I know nothing about the Hay Festival’s finances. But there are two problems with wanting to get paid for book talks.

One is that event costs are high. I’m currently organising the 2nd Festival of Economics with the Bristol Festival of Ideas. Participants are paid expenses and a small fee, because on principle we believe they should get paid something whenever tickets are charged for. But ticket sales alone do not cover the costs of the expenses and venue hire; we need to raise a few thousand pounds in sponsorship to break even. (Almost there, but please get in touch if you’re interested in sponsoring us!)
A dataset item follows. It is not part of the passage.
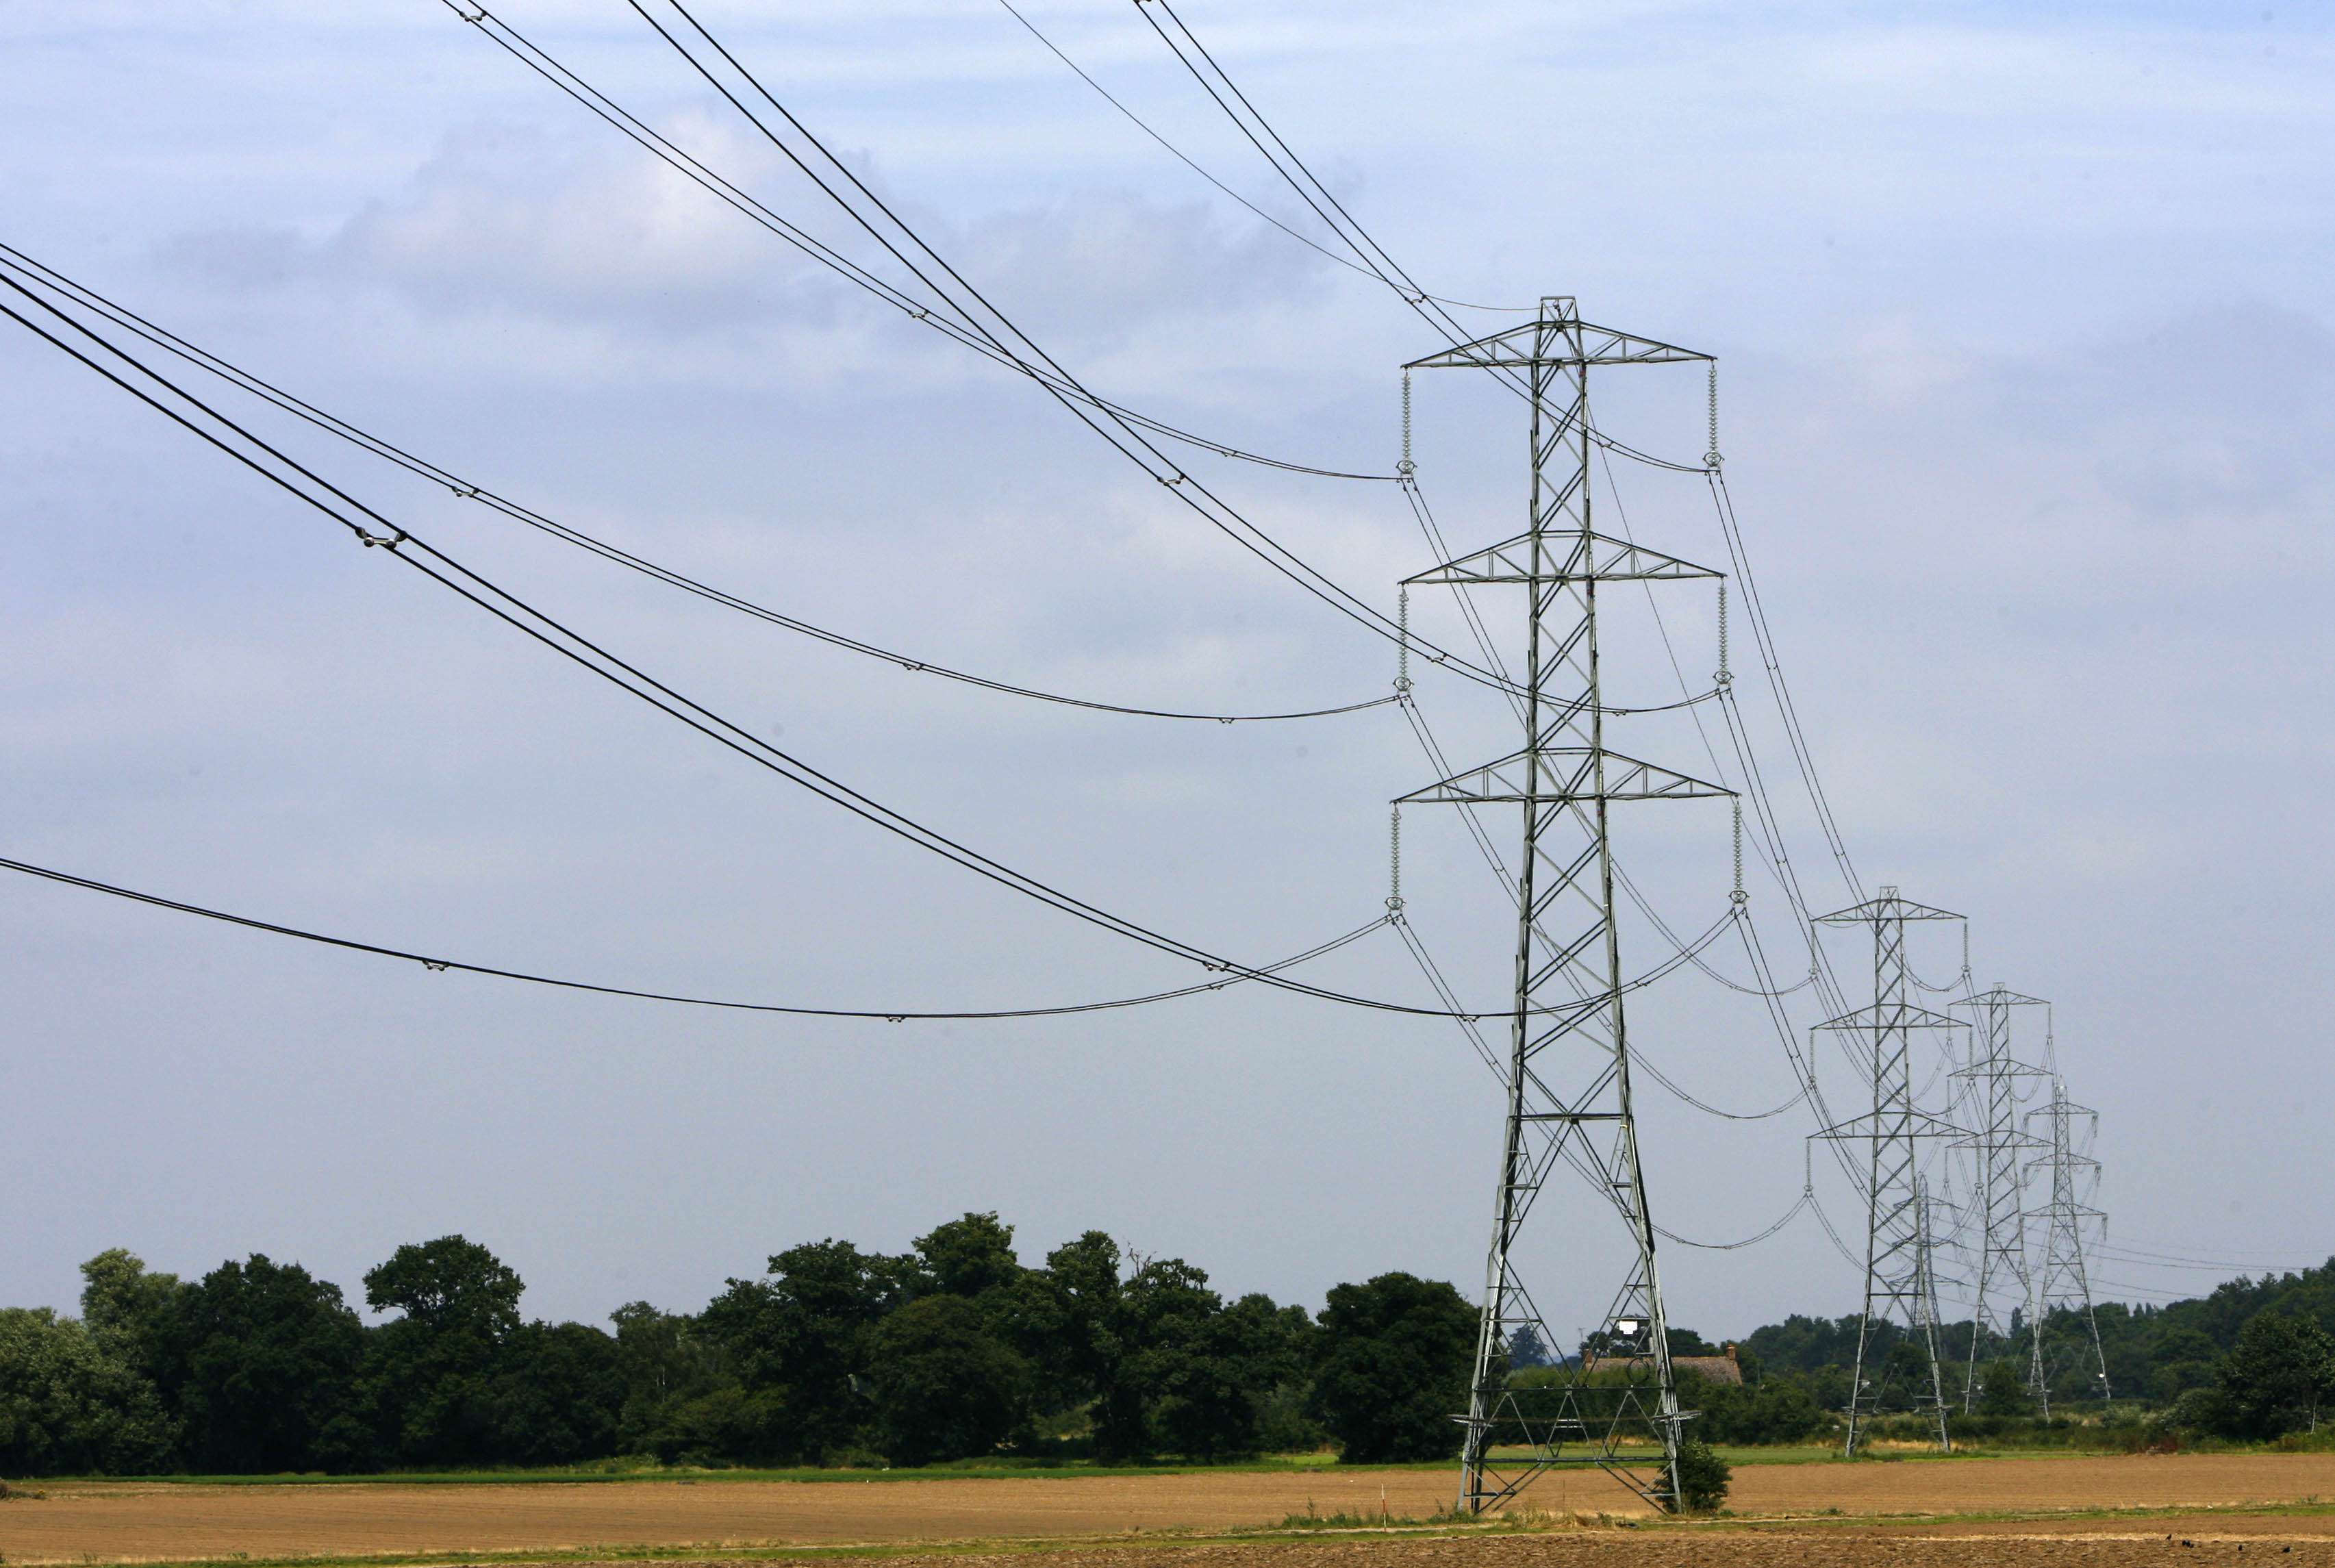 FILE PHOTOl Electricity pylons are pictured near Cobham in Surrey, southern England July 25, 2008. REUTERS/Luke MacGregor

The second is that there are lots of authors. Lots and lots of them. The well-known ones can presumably charge a high fee, like the well-known comedians, but the lesser known ones have virtually no market power. It’s supply versus demand and then some: like so many other creative sectors, superstar economics apply here. This is a common phenomenon with experience goods, whose quality is unknown before they have been consumed. This means consumers flock to the writers/performers whose reputation is already strong enough to guarantee enjoyment, rather than taking a risk on the unknown. To them that hath, shall more be given.

I do think writers should have expenses paid by event organisers, and a fee even if token when the audience is paying. There’s never any harm in asking. But most writers have to take part in the events for enjoyment, and a scintilla of extra public recognition that might help sales, and not for cash.